Chicken stock makes my little frugal heart go pitter pat. Not only do you make it with stuff you would have thrown away anyway, but it is delicious and is super healthy for you. Can you tell I am pretty passionate about chicken stock? :)

For those of you who have never made it before, or have made it on the stove top and had to skim it and watch it and stir it, I am going to show you how to make it the easy way.

First, you need a crock pot. Mine is the normal size (6 quarts maybe? 8? I’m not sure.)

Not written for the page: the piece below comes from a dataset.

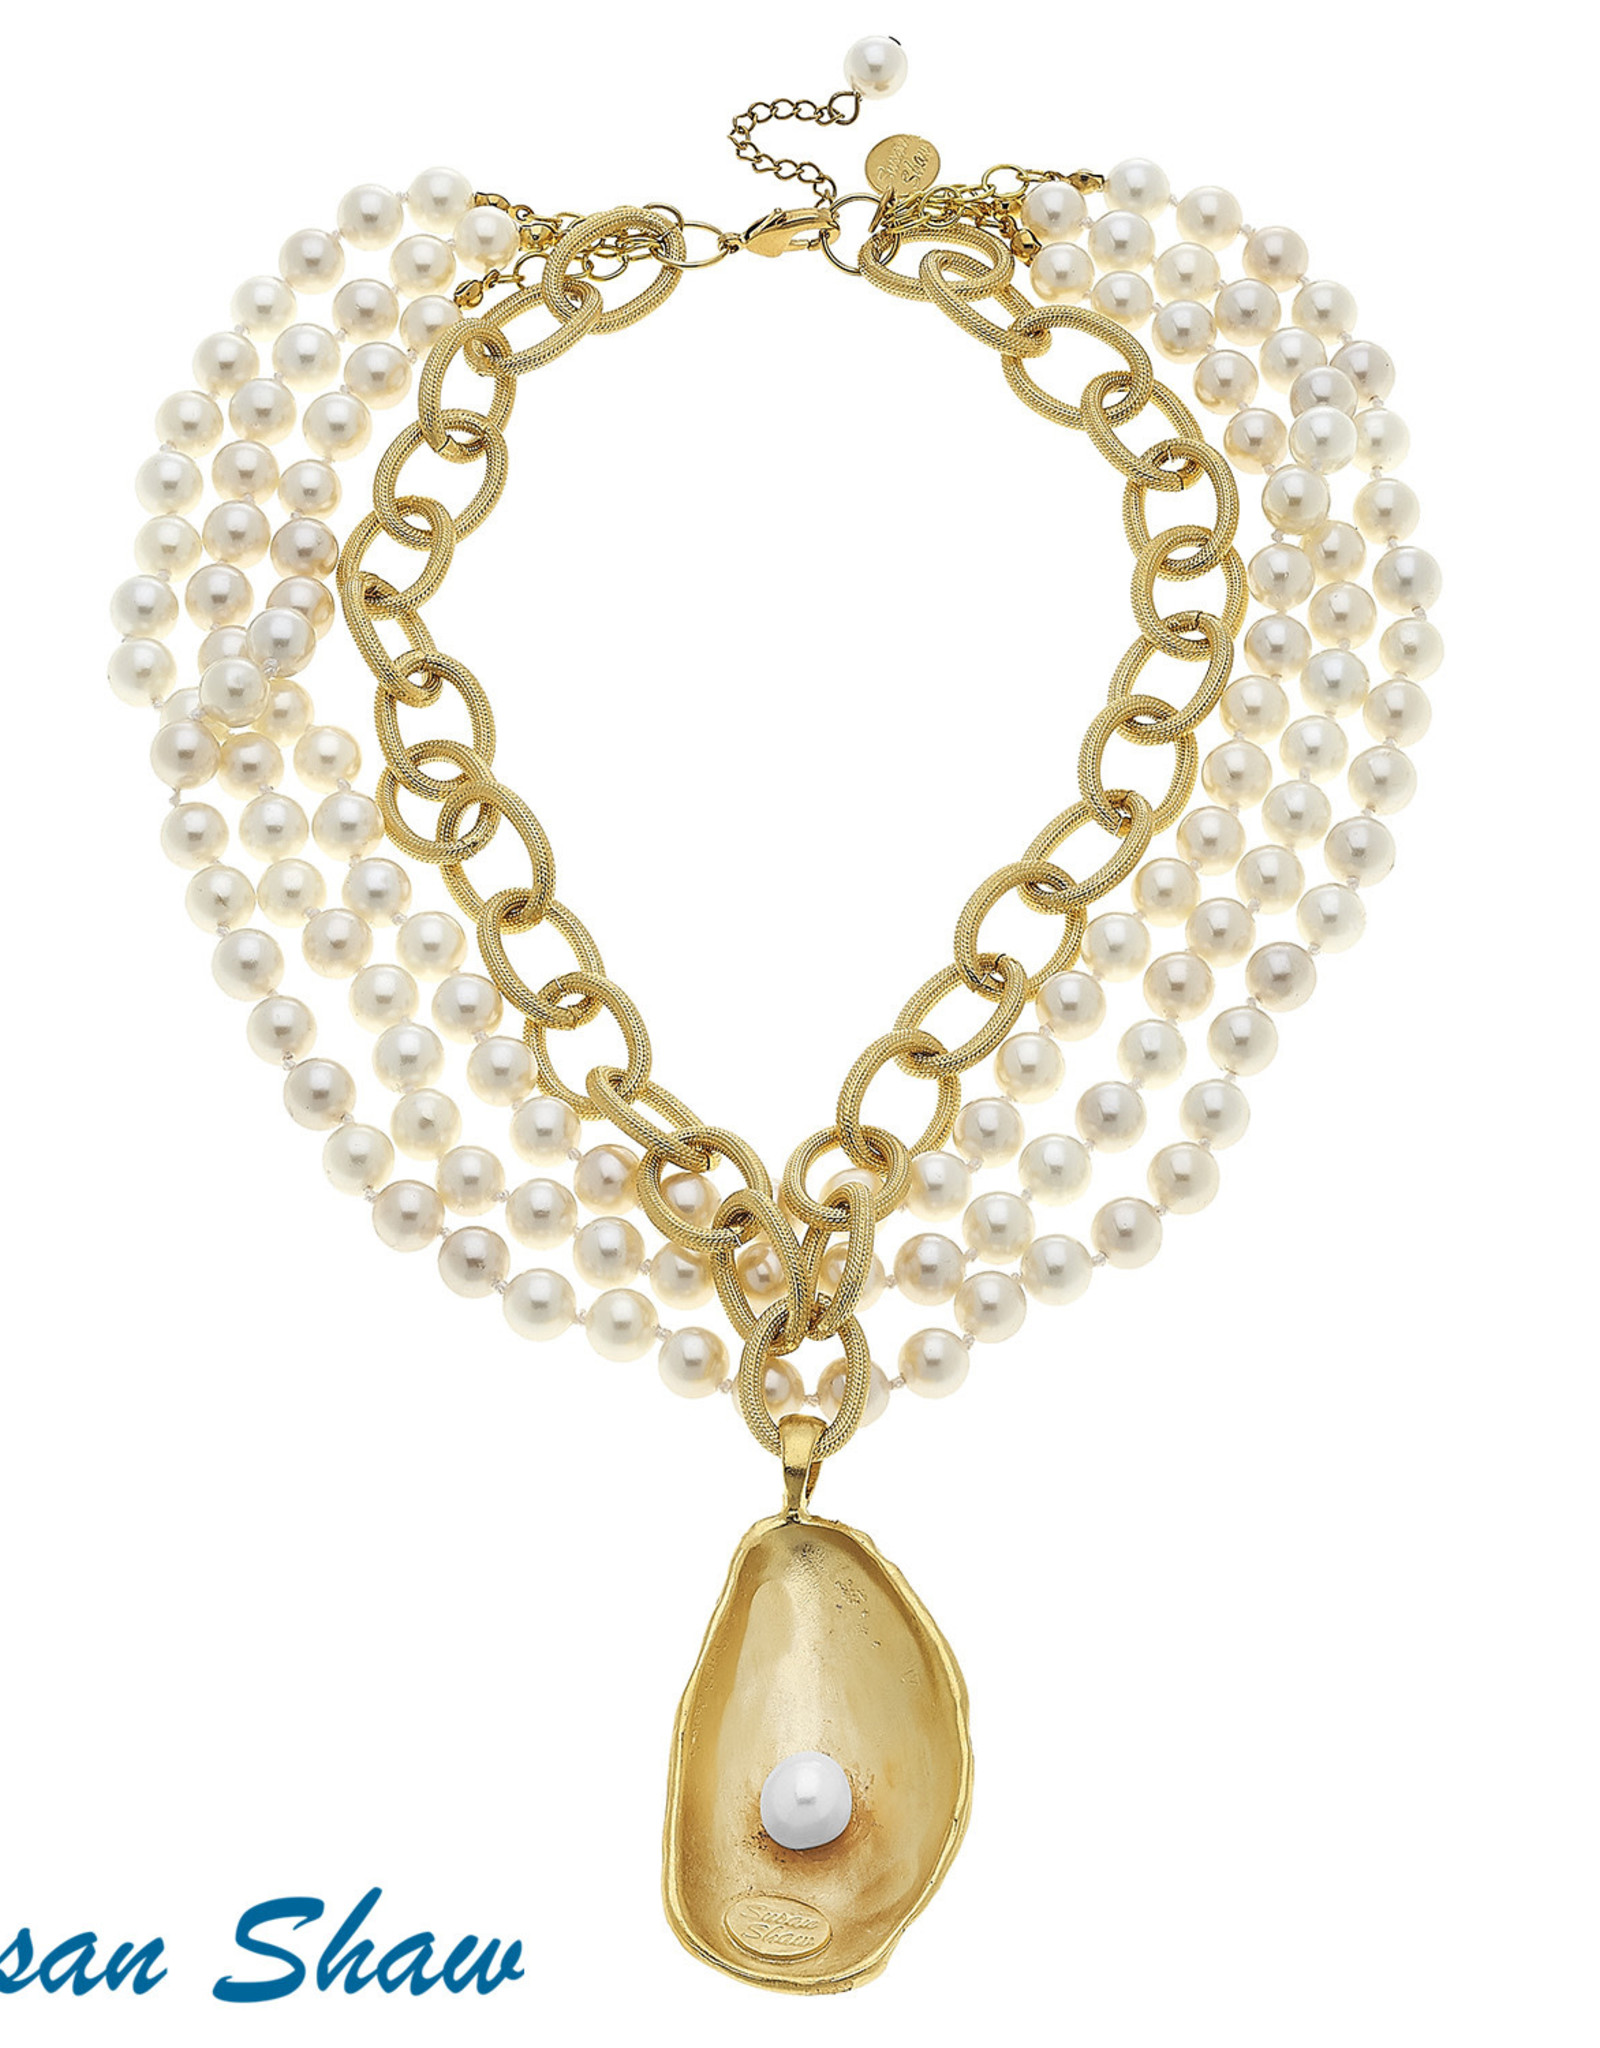 Susan Shaw Pearl & Oyster Necklace

Then, you need some chicken bones. I roast a chicken once every 4-6 weeks and use the bones from that. Do not put skin or fat in because that will end up getting skimmed off at the end anyway and it doesn’t add any nutritional value or anything. Also, any cartilage on the bird is good. Cartilage will make it nice and gelatinous. (Which is what you want.) When you get the meat off of the bones, don’t get every single tiny little scrap of meat. Its better if there is a little bit of meat on there. (I’m not talking about noticeable amounts of meat. Just the stuff at some of the joints that is hard to get off, etc.)



(Mine have been in the fridge until I had time to make the stock, which is why they are all stuck together.)

Place bones in the crock pot. If you have more than one “set” of chicken bones, the stock will be even better. I had two “sets” one time and the liquid it made was seriously amazing—such a rich and deep flavor and it gelled when it was cold. (Which is a good sign. Means you made good stock!) (I am thinking “set of chicken bones” sounds better than chicken carcass.)

Next, you need some veggies and some spices.


I like to use a few carrots, some celery, some cloves of garlic (which I forgot to put in the picture), a bay leaf, dried oregano and parsley, onion, and some salt and pepper. You can even use vegetable scraps for this part. If you have ends of carrots or the tops of celery, just throw it in the freezer until you are ready to make stock and then put them in with the chicken bones. I don’t do that because I rarely use a whole bag of carrots or celery and I always forget. :)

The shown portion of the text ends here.